→ **Data section**:
┄┄┄┄┄┄┄┄┄┄┄┄┄┄┄┄┄┄┄┄
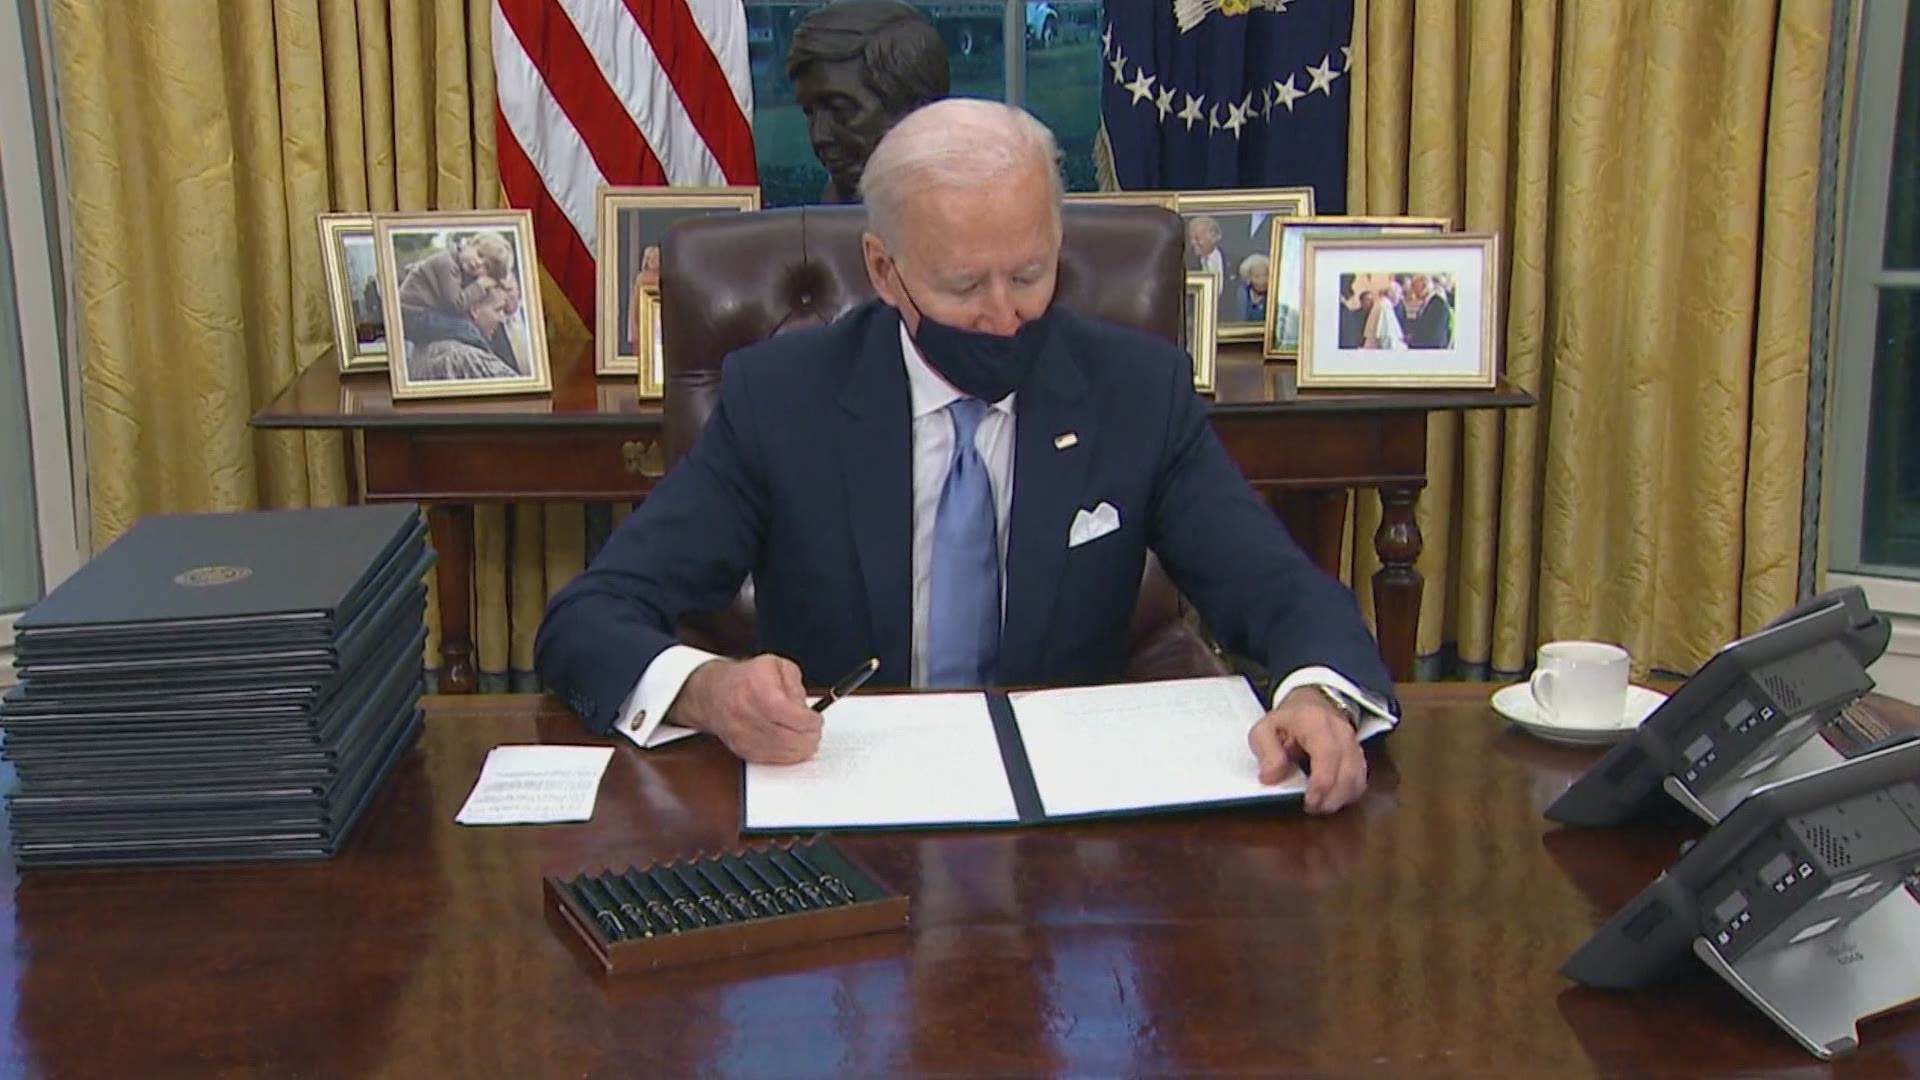 President Biden took action on his first day in office. Here's what's changing.
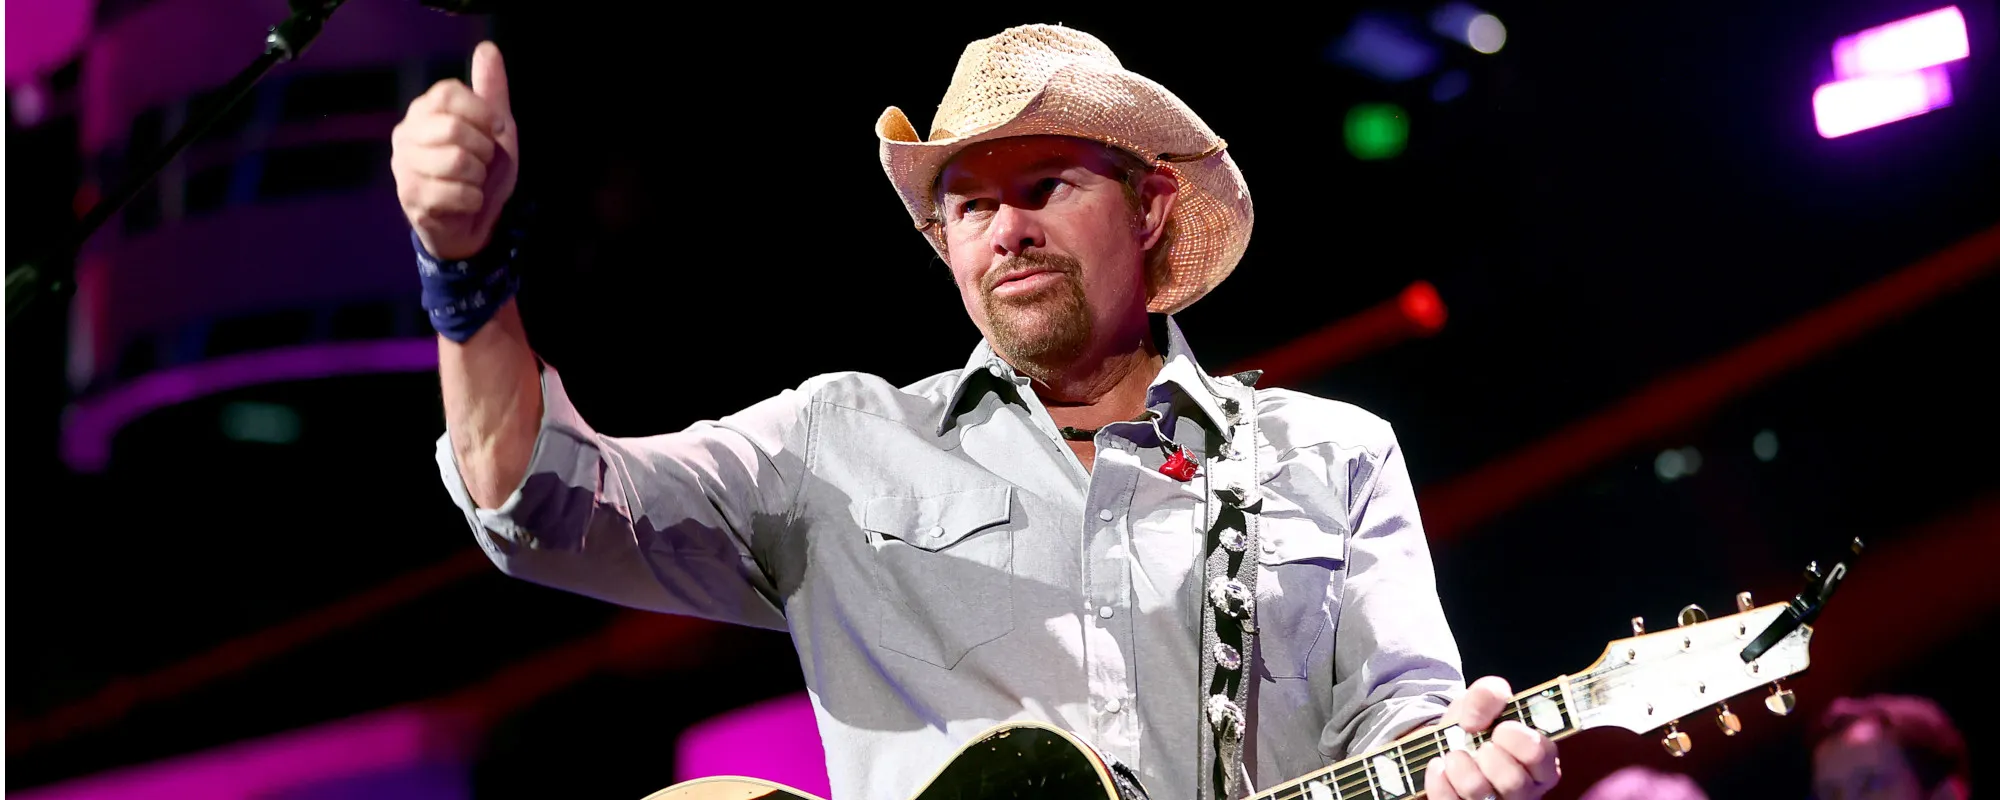 Toby Keith Hits New Career Milestone After Death as Country Legend’s Legacy Lives On
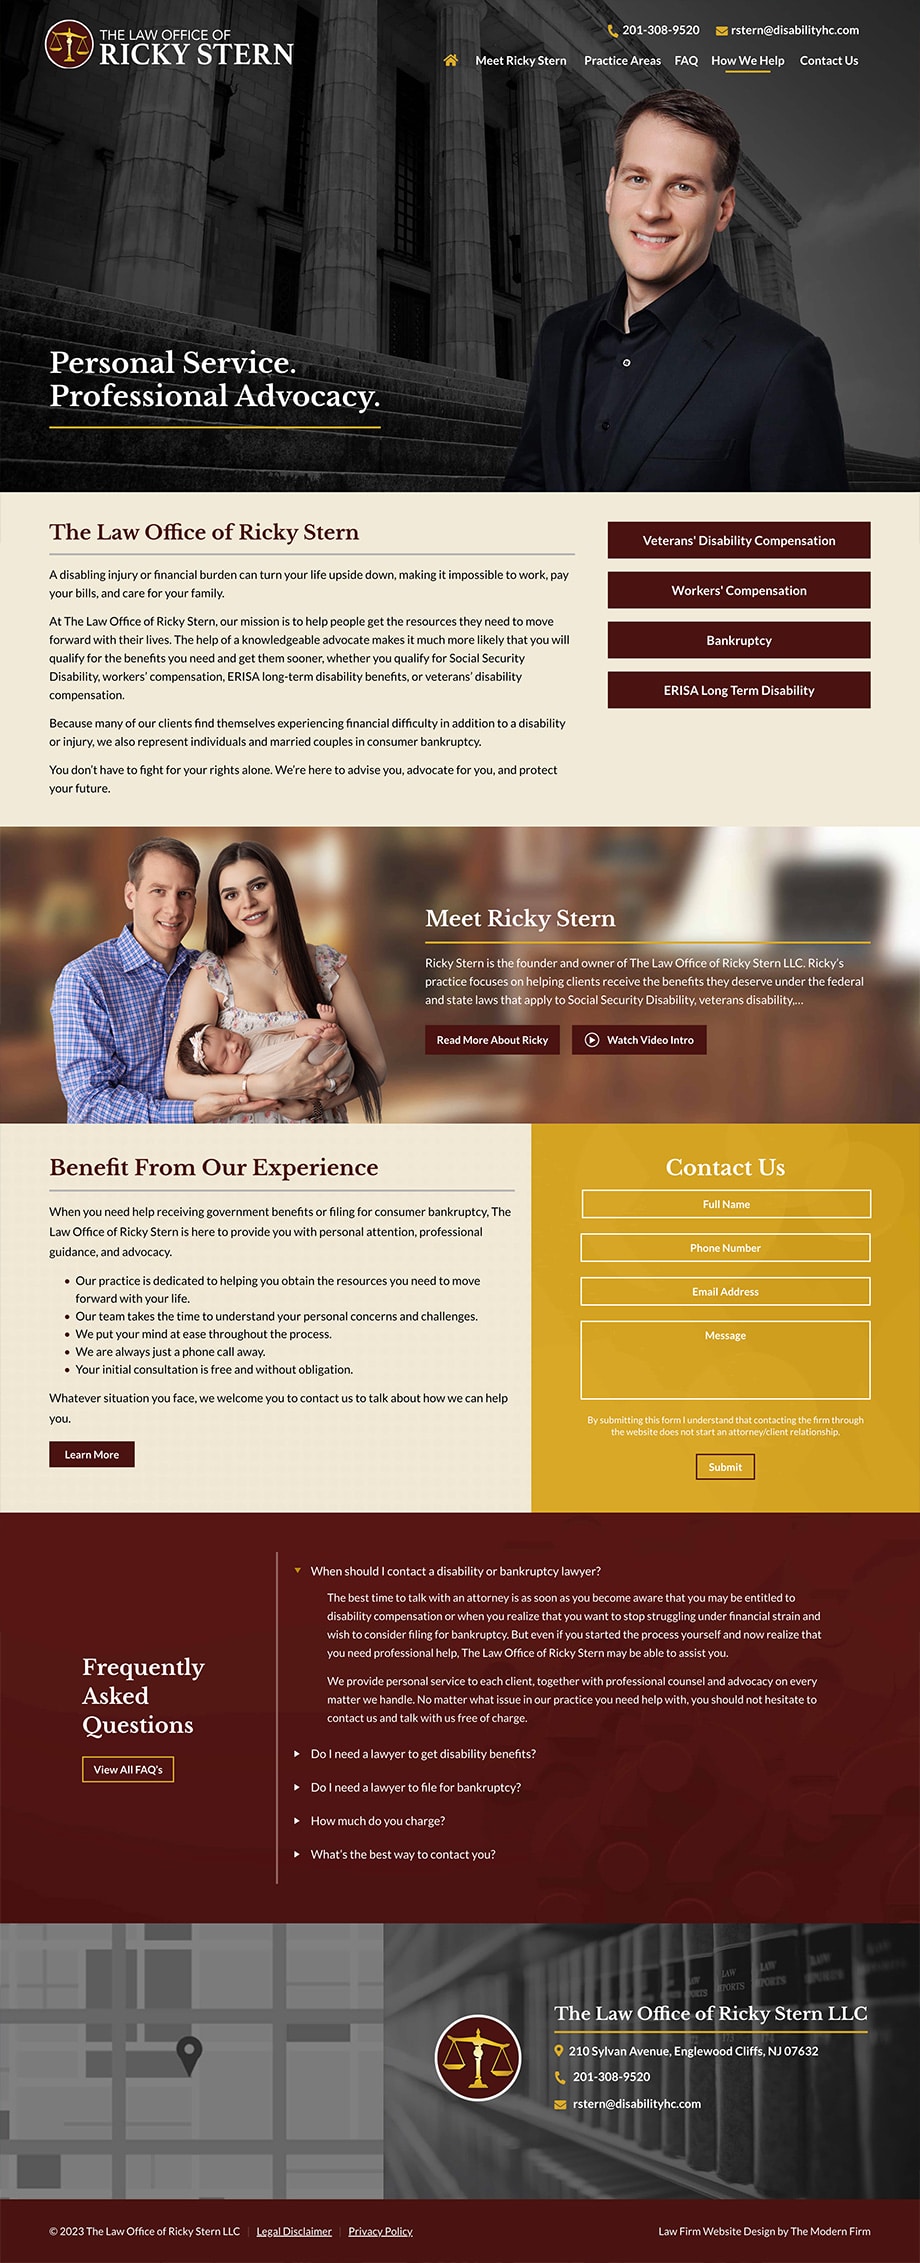 Law Firm Website Design for The Law Office of Ricky Stern LLC
┄┄┄┄┄┄┄┄┄┄┄┄┄┄┄┄┄┄┄┄
With the pictures removed, write the listing out word for word.

→ **Solution to the problem**:
 President Biden took action on his first day in office. Here's what's changing.
 Toby Keith Hits New Career Milestone After Death as Country Legend’s Legacy Lives On
 Law Firm Website Design for The Law Office of Ricky Stern LLC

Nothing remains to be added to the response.